SUMO modes¶

class sumo.modes.mode.SumoMode(**kwargs)¶

Defines modes of sumo

run()¶: Run mode specific functionality

prepare¶

SumoPrepare Class¶

class sumo.modes.prepare.prepare.SumoPrepare(**kwargs)¶

Sumo mode for data pre-processing and creation of multiplex network files. Constructor args are set in ‘prepare’ subparser.

Args:: infiles (list): comma-delimited list of paths to input files, containing standardized feature matrices, with samples in columns and features in rows (supported types of files: [‘.txt’, ‘.txt.gz’, ‘.txt.bz2’, ‘.tsv’, ‘.tsv.gz’, ‘.tsv.bz2’])

outfile (str): path to output .npz file

method (list): comma-separated list of methods for every layer (available methods: [‘euclidean’, ‘cosine’, ‘pearson’, ‘spearman’])

k (float): fraction of nearest neighbours to use for sample similarity calculation using Euclidean distance similarity

alpha (float): hypherparameter of RBF similarity kernel, for Euclidean distance similarity

missing (list): acceptable fraction of available (not missing) values for assessment of distance/similarity between pairs of samples, either one value or different values for every layer

atol (float): if input files have continuous values, sumo checks if data is standardized feature-wise, meaning all features should have mean close to zero, with standard deviation around one; use this parameter to set tolerance of standardization checks

sn (int): index of row with sample names for .txt input files

fn (int): index of column with feature names for .txt input files

df (float): if percentage of missing values for feature exceeds this value, remove feature

ds (float): if percentage of missing values for sample (that remains after feature dropping) exceeds this value, remove sample

logfile (str): path to save log file, if set to None stdout is used

log (str): sets the logging level from [‘DEBUG’, ‘INFO’, ‘WARNING’]

plot (str): path to save adjacency matrix heatmap(s), if set None plots are displayed on screen

load_all_data()¶

Load all of input files

Returns:: list of tuples, every containing file name (str) and filtered feature matrix (pandas.DataFrame))

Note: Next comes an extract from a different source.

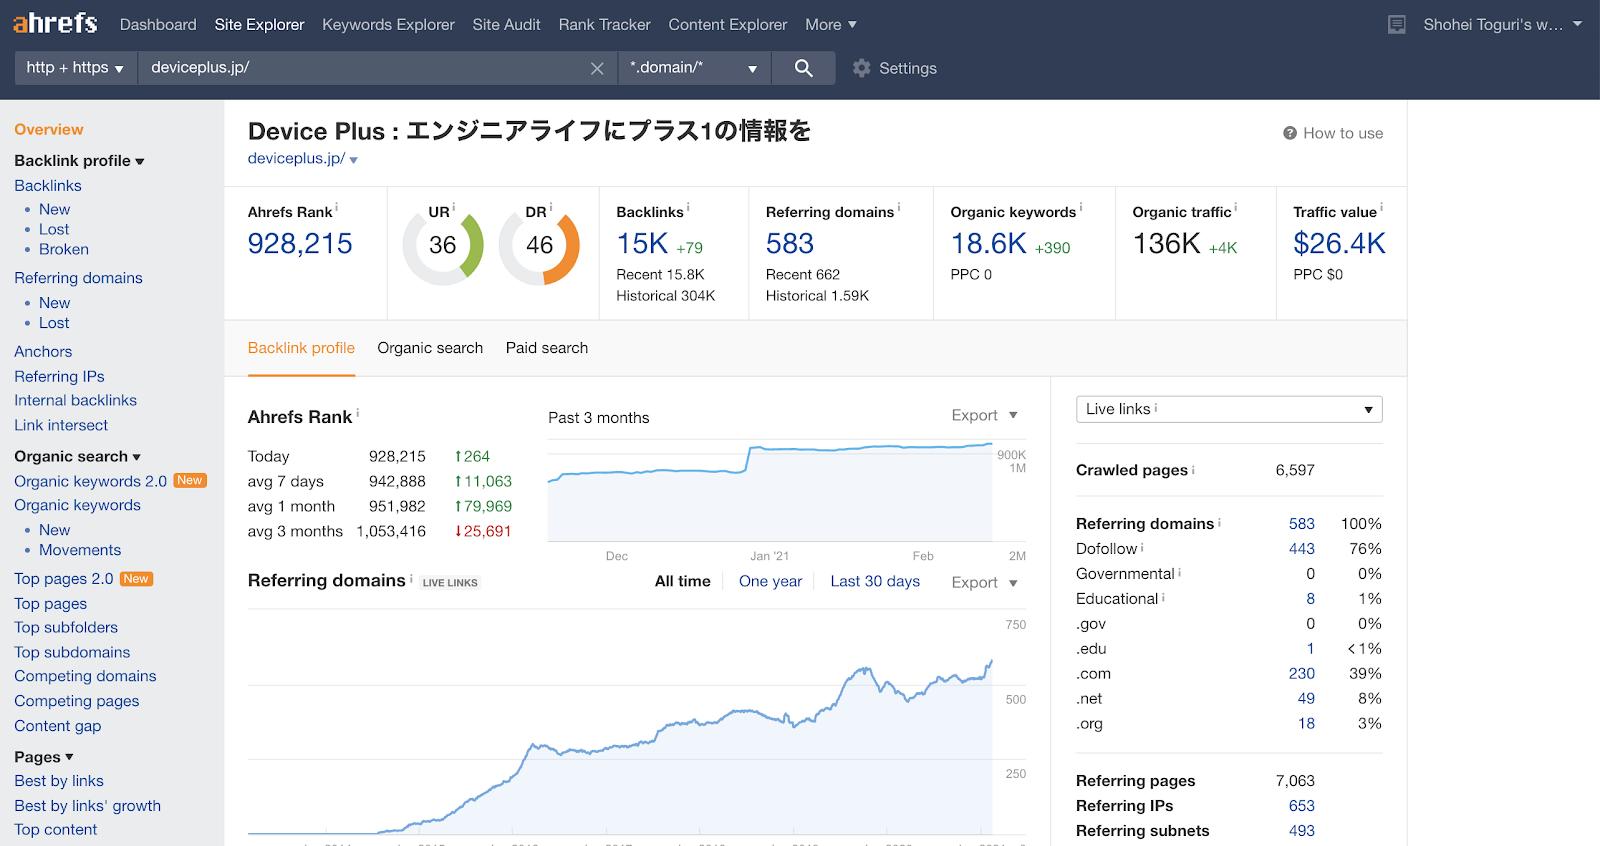 有料ツールで分析した「DEVICE PLUS」のデータ

run()¶: Generate similarity matrices for samples based on biological data

Similarity Metrics¶

sumo.modes.prepare.similarity.correlation(a: <sphinx.ext.autodoc.importer._MockObject object at 0x7f2f5b338908>, b: <sphinx.ext.autodoc.importer._MockObject object at 0x7f2f5b338940>, missing: float, method='pearson')¶: Calculate correlation similarity between two vectors

sumo.modes.prepare.similarity.cosine_sim(a: <sphinx.ext.autodoc.importer._MockObject object at 0x7f2f5b3382b0>, b: <sphinx.ext.autodoc.importer._MockObject object at 0x7f2f5b3381d0>, missing: float)¶: Calculate cosine similarity between two vectors

sumo.modes.prepare.similarity.euclidean_dist(a: <sphinx.ext.autodoc.importer._MockObject object at 0x7f2f5b338860>, b: <sphinx.ext.autodoc.importer._MockObject object at 0x7f2f5b338128>, missing: float)¶: Calculate euclidean distance between two vectors of continuous variables

sumo.modes.prepare.similarity.feature_rbf_similarity(f: <sphinx.ext.autodoc.importer._MockObject object at 0x7f2f5b3389b0>, missing: float = 0.1, n: float = 0.1, alpha: float = 0.5, distance=<function euclidean_dist>)¶

Generate similarity matrix using RBF kernel and supplied distance function

Args:: f (Numpy.ndarray): Feature matrix (n x k, where ‘n’ - samples, ‘k’ - measurements) n (float): fraction of nearest neighbours to use for samples similarity calculation missing (float): acceptable fraction of values for assessment of distance/similarity between two samples alpha (float): hyperparameter of RBF kernel distance: distance function accepting two vectors and missing parameter (default of Euclidean distance)
Returns:: w (Numpy.ndarray): symmetric matrix describing similarity between samples (n x n)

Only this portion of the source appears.